On Fri, 27 Jun 2014, Jan Cholasta wrote:
>On 27.6.2014 10:58, Alexander Bokovoy wrote:
>>On Fri, 27 Jun 2014, Jan Cholasta wrote:
>>>On 27.6.2014 10:29, Alexander Bokovoy wrote:
>>>>On Fri, 27 Jun 2014, Jan Cholasta wrote:
>>>>>On 27.6.2014 10:15, Alexander Bokovoy wrote:
>>>>>>On Fri, 20 Jun 2014, Martin Basti wrote:
>>>>>>>On Fri, 2014-06-20 at 10:32 +0200, Jan Cholasta wrote:
>>>>>>>>On 18.6.2014 16:49, Martin Basti wrote:
>>>>>>>>>Due to compability with older versions, only IDNA domains should be
>>>>>>>>>checked
>>>>>>>>>Patch attached.
>>>>>>>>
>>>>>>>>I'm not particularly happy about the u'\xdf' special case. Isn't
>>>>>>>>there a
>>>>>>>>better way to do this check?
>>>>>>>I cant find better way. u'\xdf' is mapped to ss, and ss is not IDN
>>>>>>>string.
>>>>>>>
>>>>>>>Or just remove this validation.
>>>>>>>
>>>>>>>>(BTW I really think this should be a warning, not an error, but that
>>>>>>>>would require larger amount of work, so I guess it's OK for now.)

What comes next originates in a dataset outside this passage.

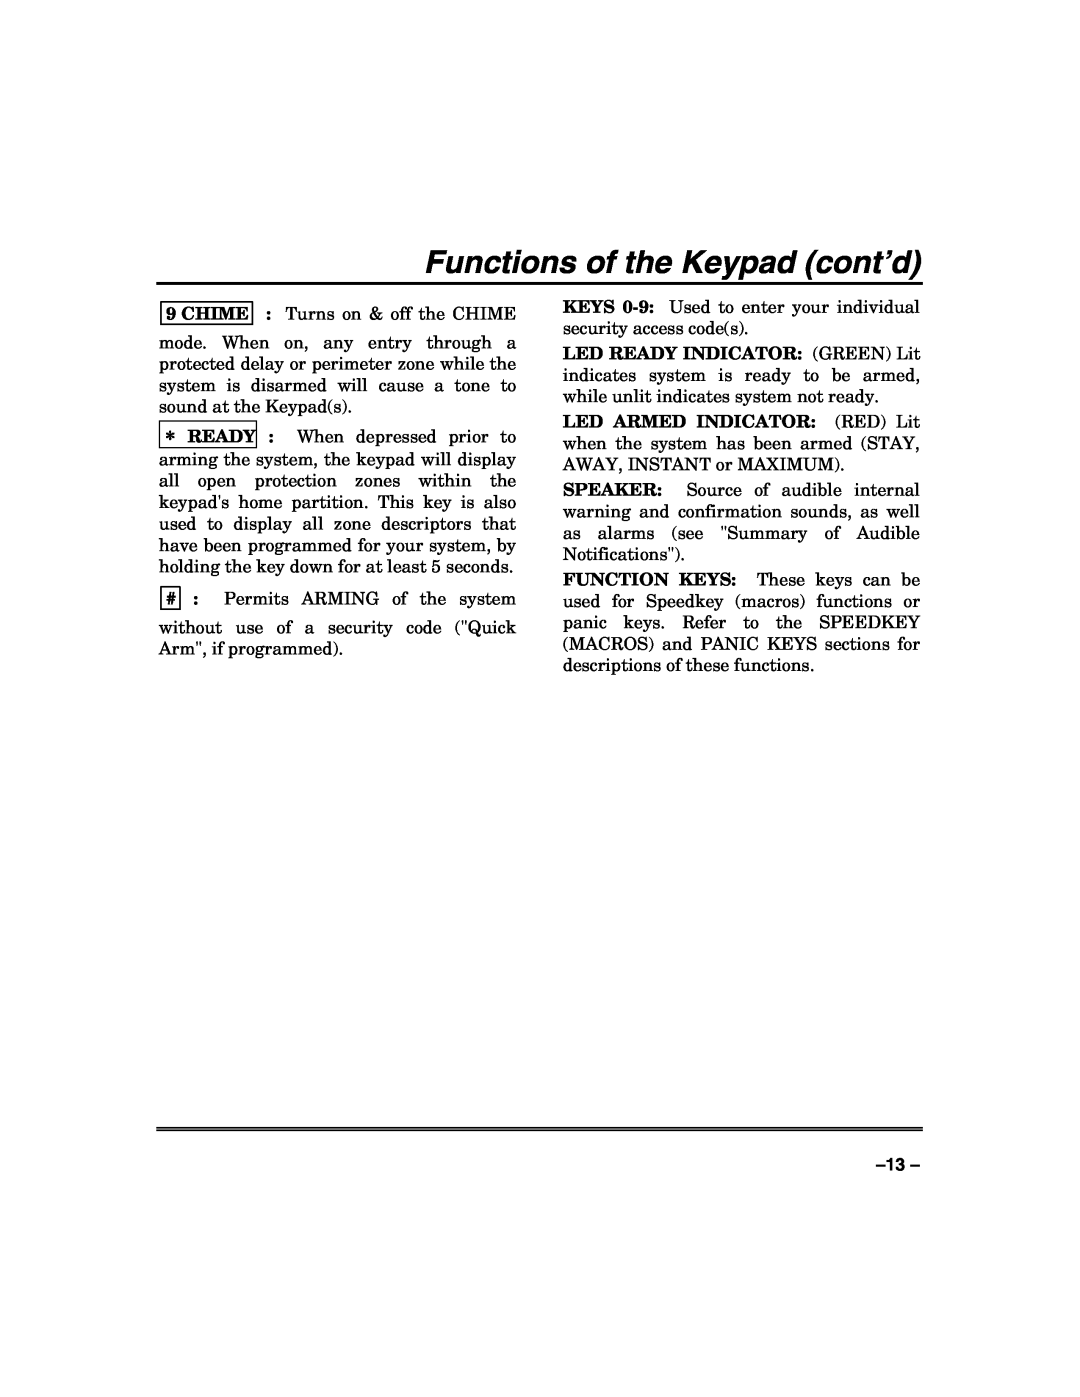 Honeywell VISTA128BPT, VISTA250BPT, 128BPTSIA manual Functions of the Keypad cont’d

>>>>>>>(More pain than gain)
>>>>>>Main thing in this patch is that the check should not be done against
>>>>>>non-IDN strings. I want this version of the patch to go in for that
>>>>>>reason as currently you cannot even complete ipa-adtrust-install
>>>>>>run due
>>>>>>to IDN normalisation check being applied to non-IDN domains.
>>>>>
>>>>>On non-IDN domains, the only effect of IDN normalization is that it
>>>>>lower-cases the names (right?), so the check should compare
>>>>>lower-cased original name with the normalized name, instead of
>>>>>special-casing certain characters etc.
>>>>.. what's the reason to do such comparison then? lower-cased non-IDN
>>>>name will be equal to lower-cased normalized non-IDN name by definition,
>>>>so the check is not needed in this case, at all.
>>>
>>>The point is that it works for both IDN and non-IDN, without
>>>u'\xdf'-style hacks.
>>No, your proposal of comparing low-cased value and normalized value is
>>not going to work because low-cased value is in general not equal to
>>normalized value for IDN names, only for non-IDN ones, due to the fact
>>that lower case for non-ASCII Unicode character may map to a completely
>>different character than in normalization situation. Take, for example,
>>Turkish alphabet where there are six letters with different case rules
>>(uppercase dotted i, dottless lowercase i, upper- and lowercase G with
>>breve accent, and upper- and lowercase S with cedilla), which will break
>>your generalized check.
>>So you'll anyway will need to split these cases.
>>
>
>I see.
>
>I'm still not comfortable with carrying the bit of knowledge about
>u'\xdf' in this particular spot. Can we check that a name is IDN some
>other way than "domain_name.is_idn() or u'\xdf' in value"?
Attached patch works for me. Note that nameprep() use should be
per-label, not the whole DNS name, and we can use
encodings.idna.ToASCII() per lable to check if the label is IDN. If any
of the label is IDN, we force strict check.